Они замолчали. Анастасия Михайловна достала чашки из буфета, поставила на стол пачку ванильных сухарей.
Василий Иванович покрутил удивленно головой:
—
И сухарики у тебя! Ну и запаслива ты, Михайловна. Сто лет таких не едал!
—
На всю голодуху не напасешься, — с сожалением сказала Анастасия Михайловна, — на всю зиму не наешься.
—
Да уж, брюхо злодей, старого добра не помнит.

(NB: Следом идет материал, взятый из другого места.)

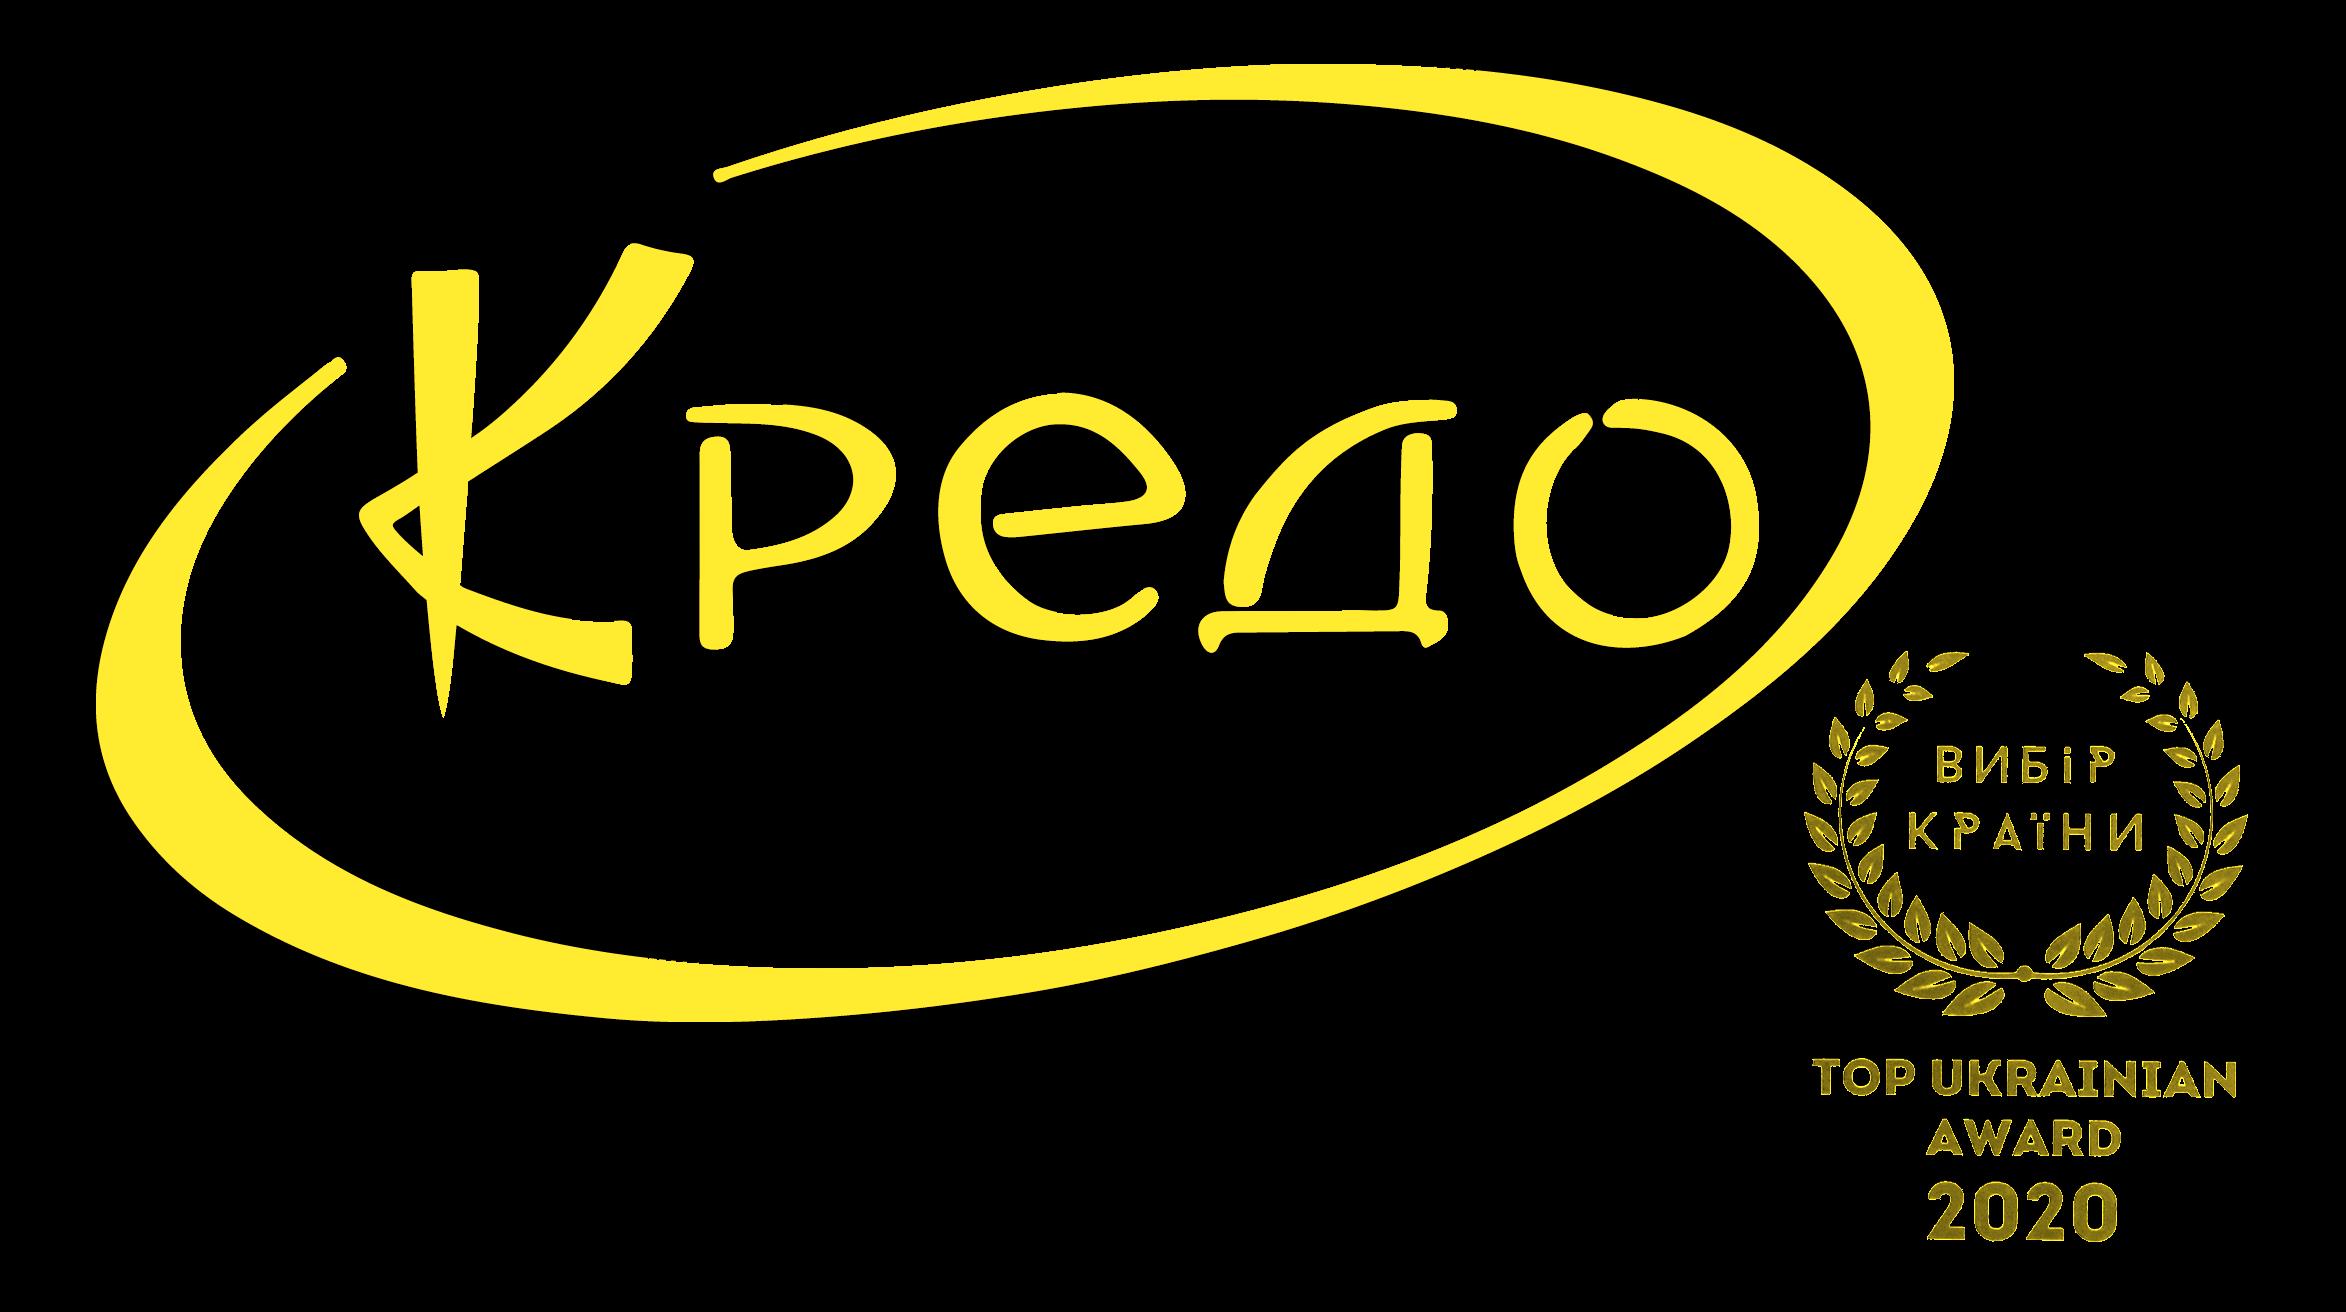 ПП Кредо українська фабрика взуття

Анастасия Михайловна ушла на кухню за чайником.
—
Вот она, русская душа наша, сердце золотое, — сказал Василий Иванович Гаврилову. — Ее, Анастасеюшку нашу, поди, третья война да голодовки уму-разуму учат. Много научили. У нее и в мирное время на полках запасец круп был. Другая с такими запасами и не горевала. Много ли старухе надо? Да только не Анастасеюшка-Расеюшка. О всех скорбит. Всем помогает…

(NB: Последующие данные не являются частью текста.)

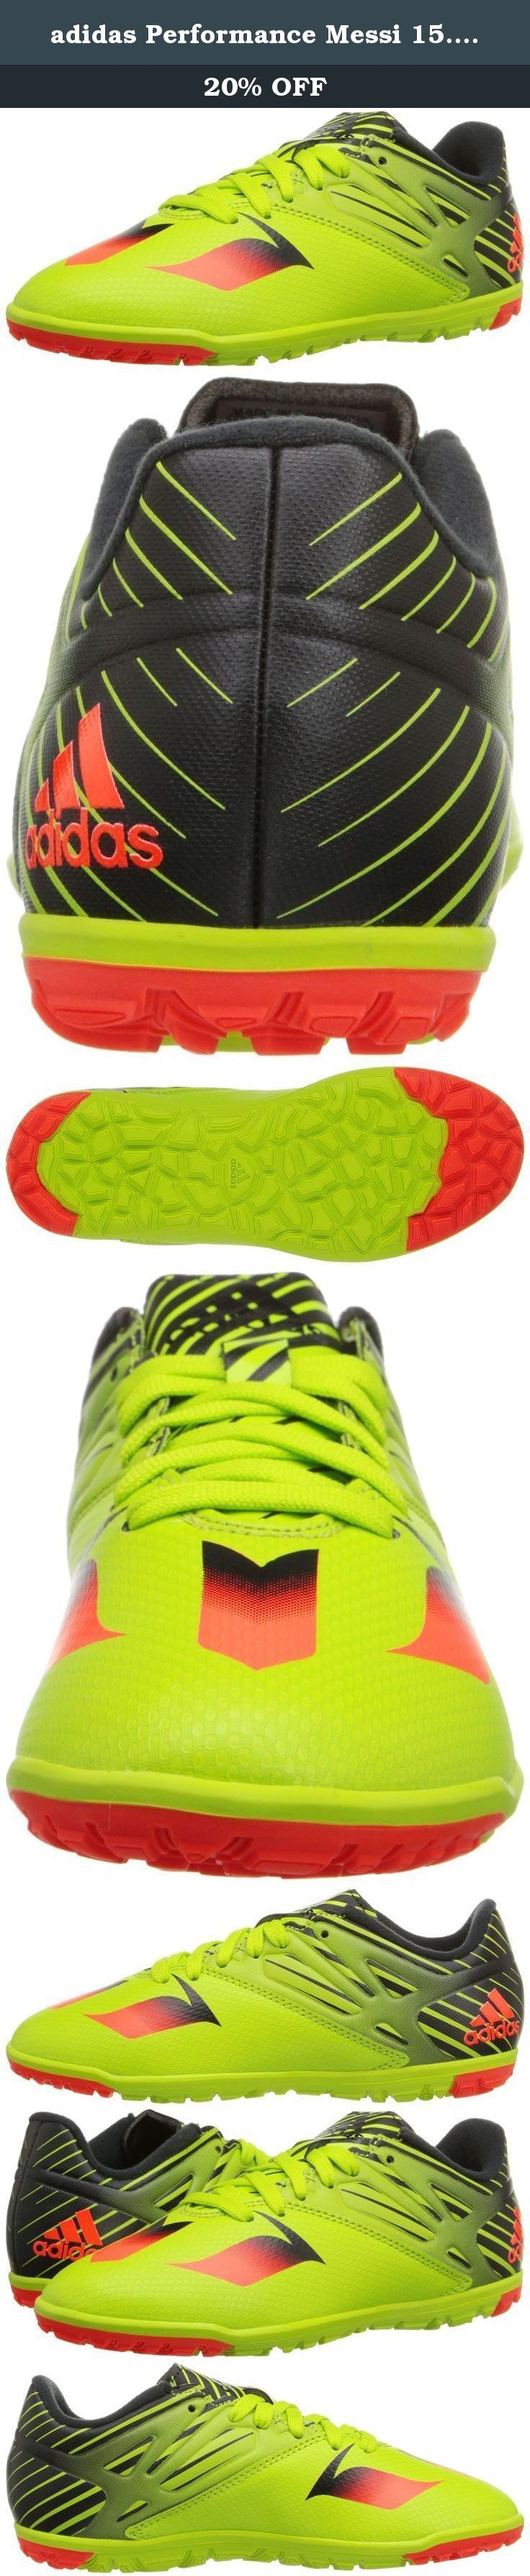 adidas Performance Messi 15.3 TF J Soccer Shoe (Little Kid/Big Kid), Semi Solar Slime/Solar Red/Black, 4 M US Big Kid. Kids Soccer Shoe.

Пришла Анастасия Михайловна с чайником. Заварила земляничным листом. Сказала ласково:
—
Вот, Петруша, листочки нынче собрала, а уж ягоды-то немцы вытоптали. Нечем мне вас и побаловать…
—
Кабы одни ягоды… — буркнул Василий Иванович. — Нашла о чем жалеть…
—
А в прошлом году столько грибов было, столько грибов! И все больше подосиновики, — Анастасия Михайловна разлила душистый чай по чашкам. — Недаром говорят, что такой урожай к войне.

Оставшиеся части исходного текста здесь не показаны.